Data block ->
::::

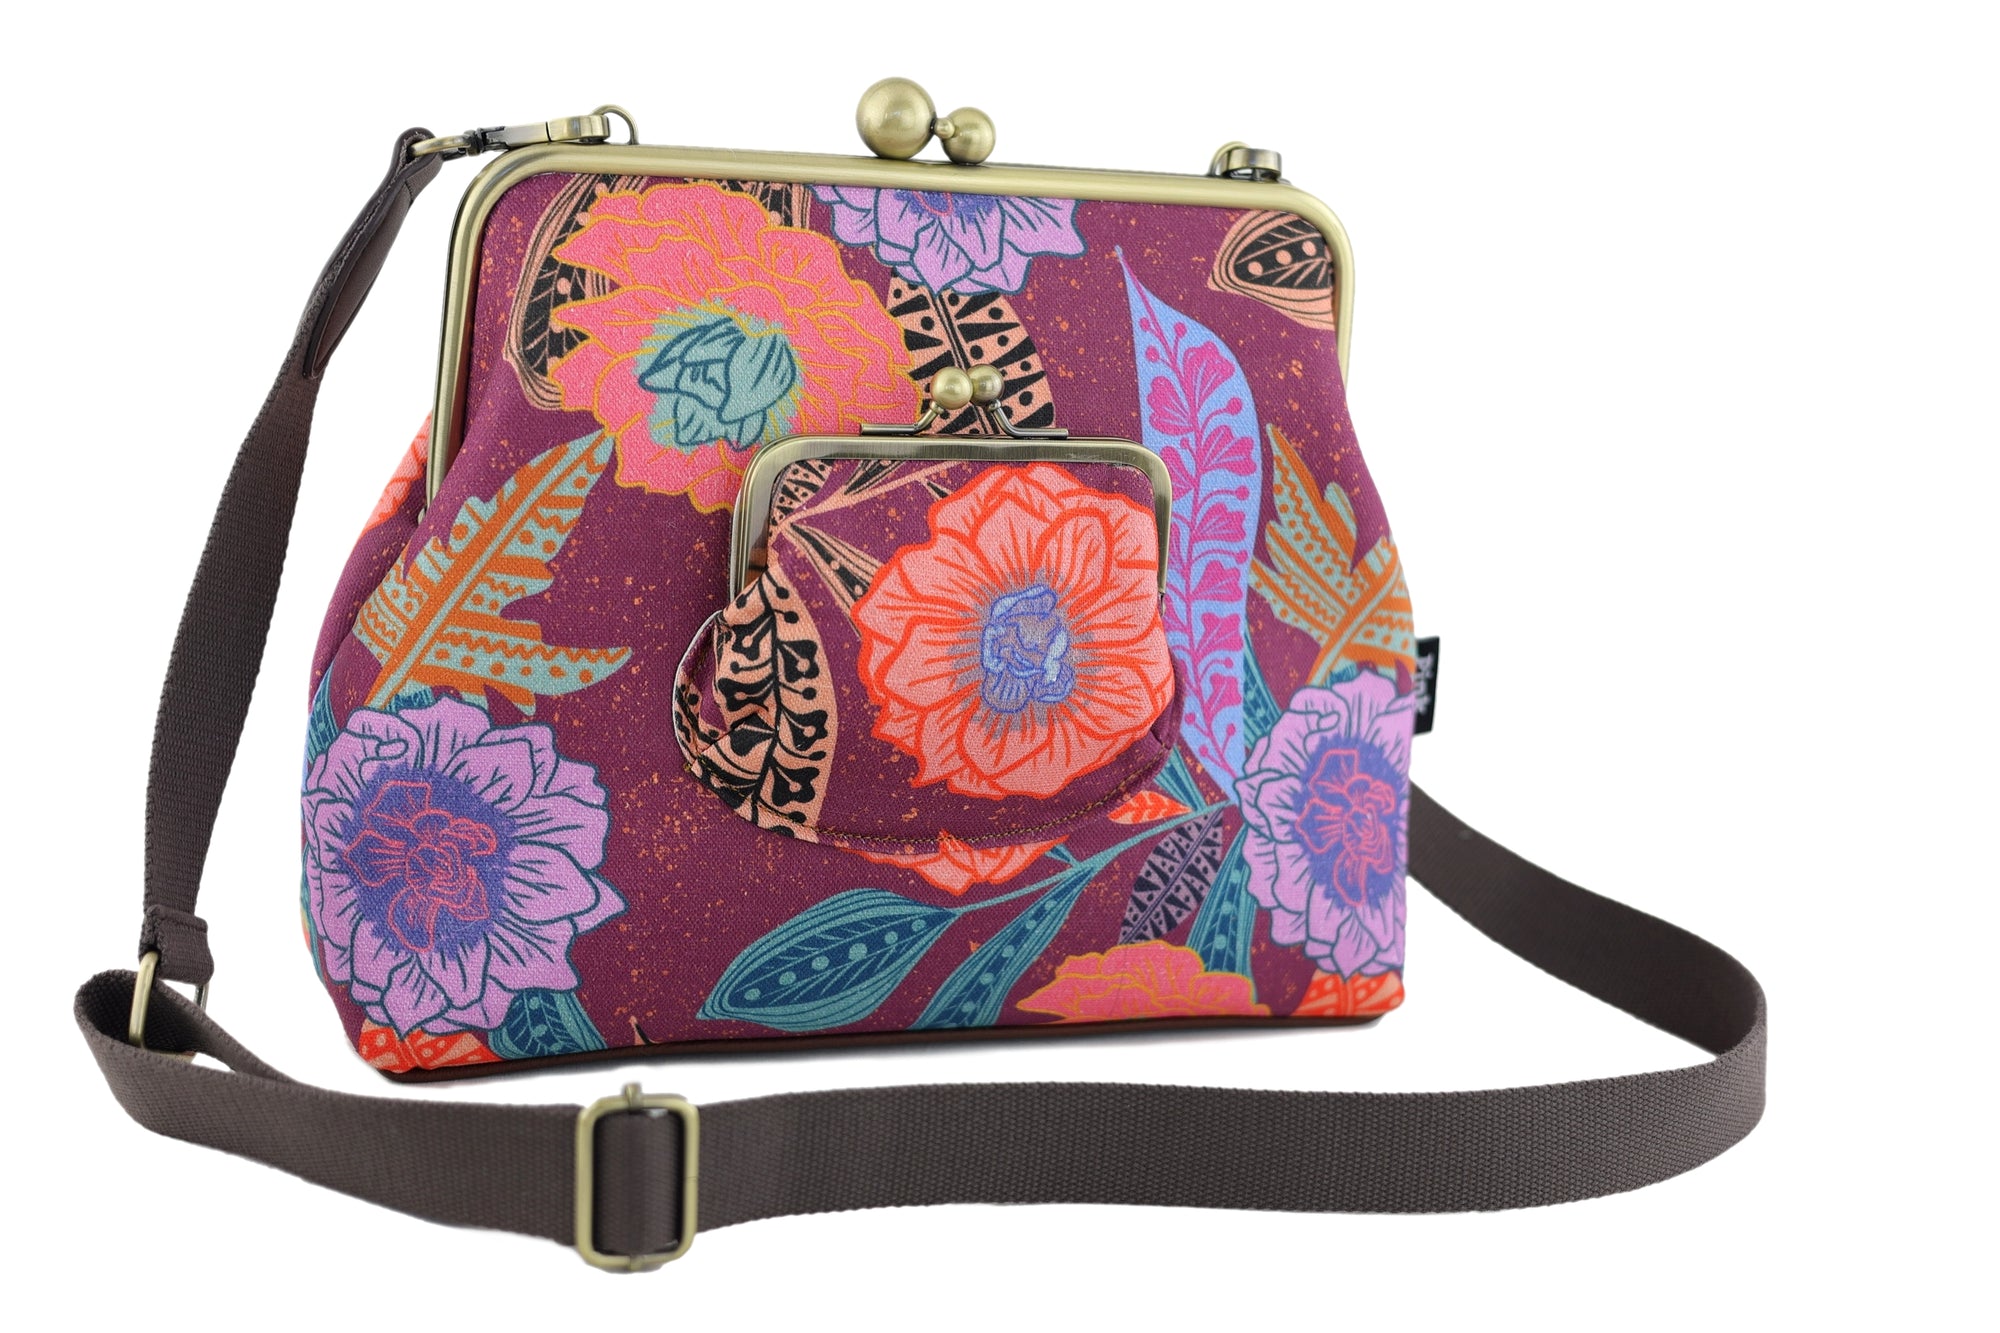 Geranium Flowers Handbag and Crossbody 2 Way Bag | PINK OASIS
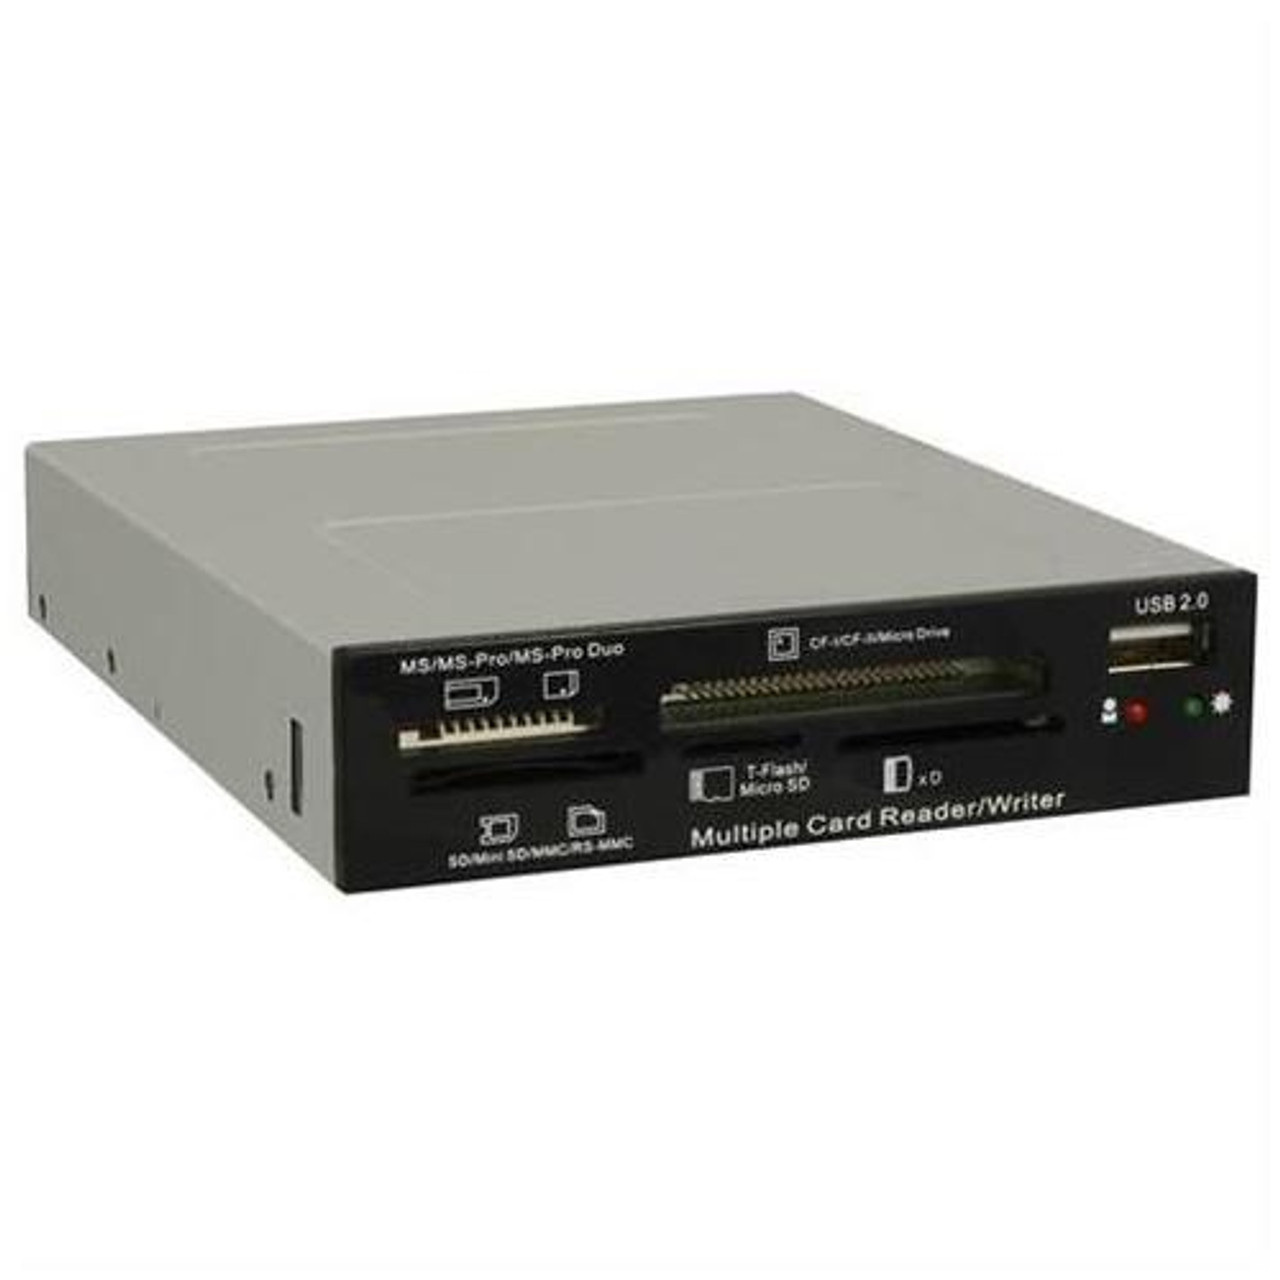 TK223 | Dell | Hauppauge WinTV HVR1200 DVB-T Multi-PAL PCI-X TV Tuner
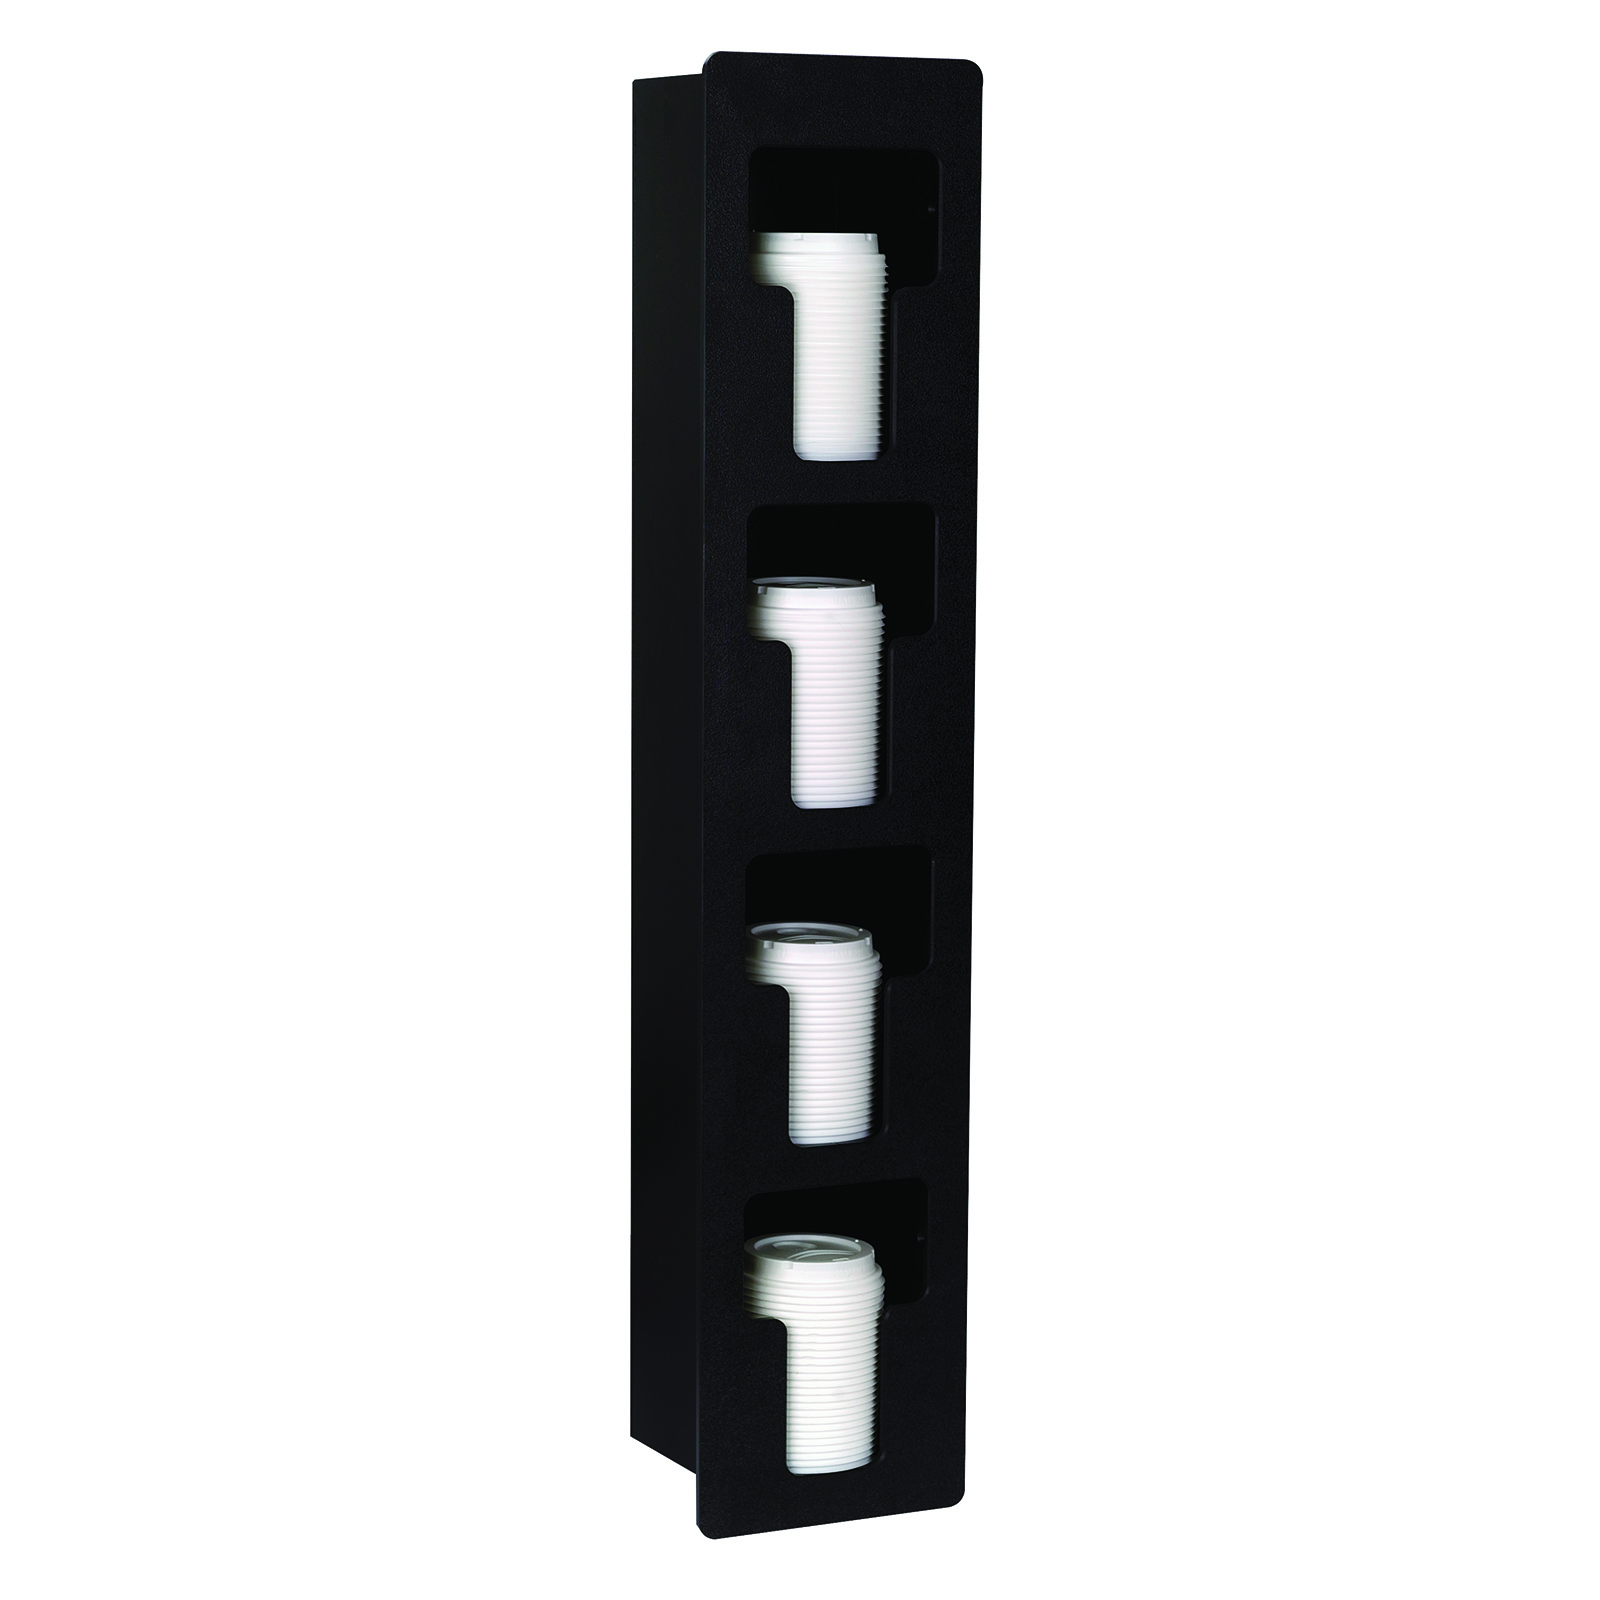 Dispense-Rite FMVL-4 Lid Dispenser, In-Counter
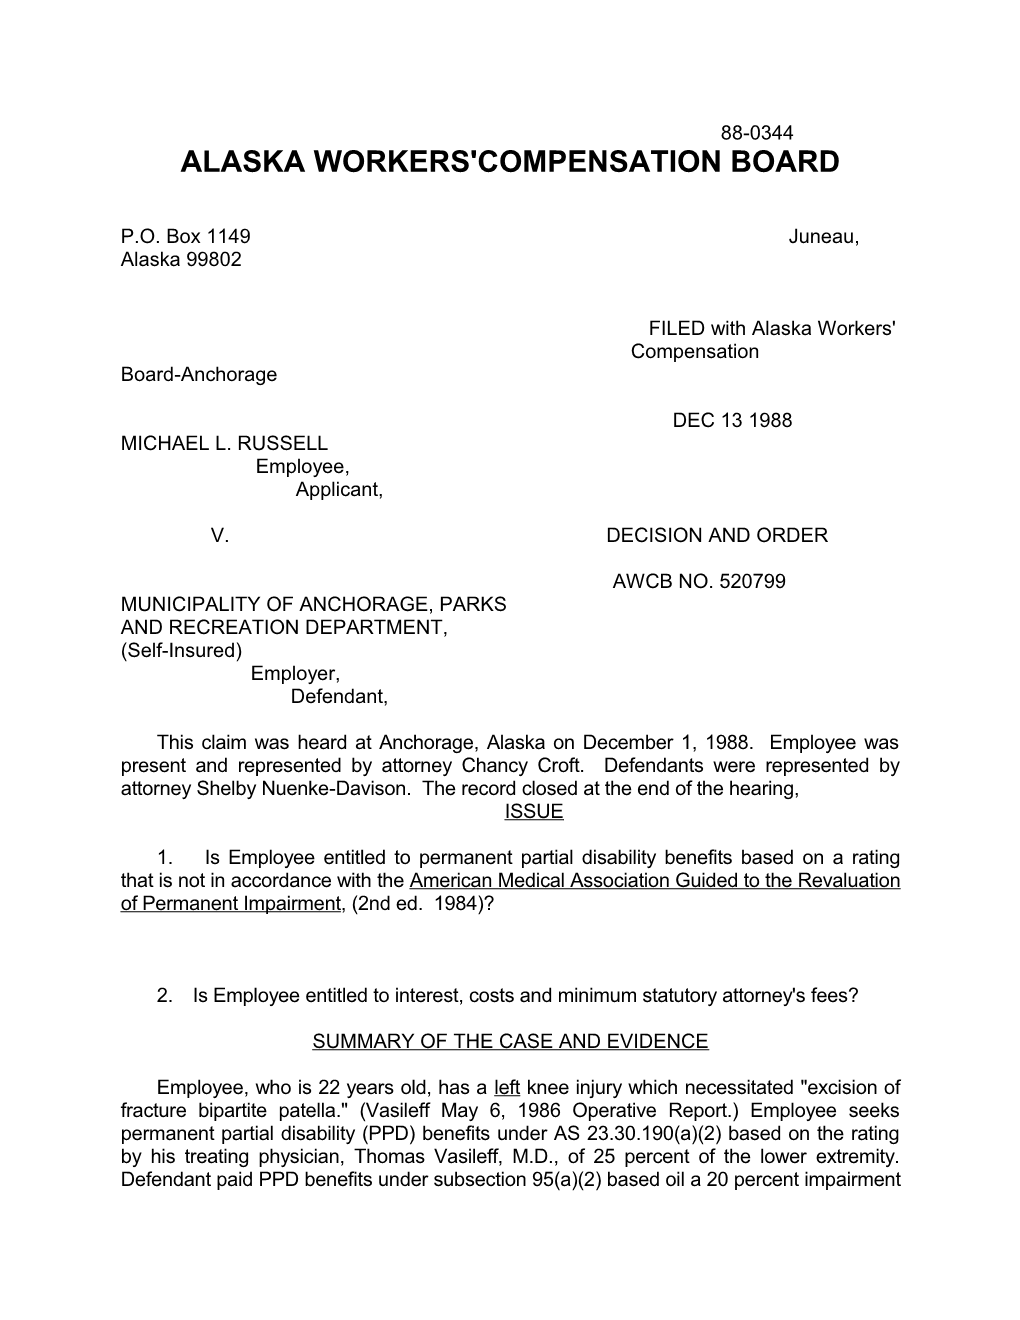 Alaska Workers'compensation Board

::::

How to complete this task ->
Pictures stay out. Copy exactly, and only, the lines from the one containing "Dispense-Rite FMVL-4 Lid" through the end of the data.

Result of this exercise ->
 Dispense-Rite FMVL-4 Lid Dispenser, In-Counter
 Alaska Workers'compensation Board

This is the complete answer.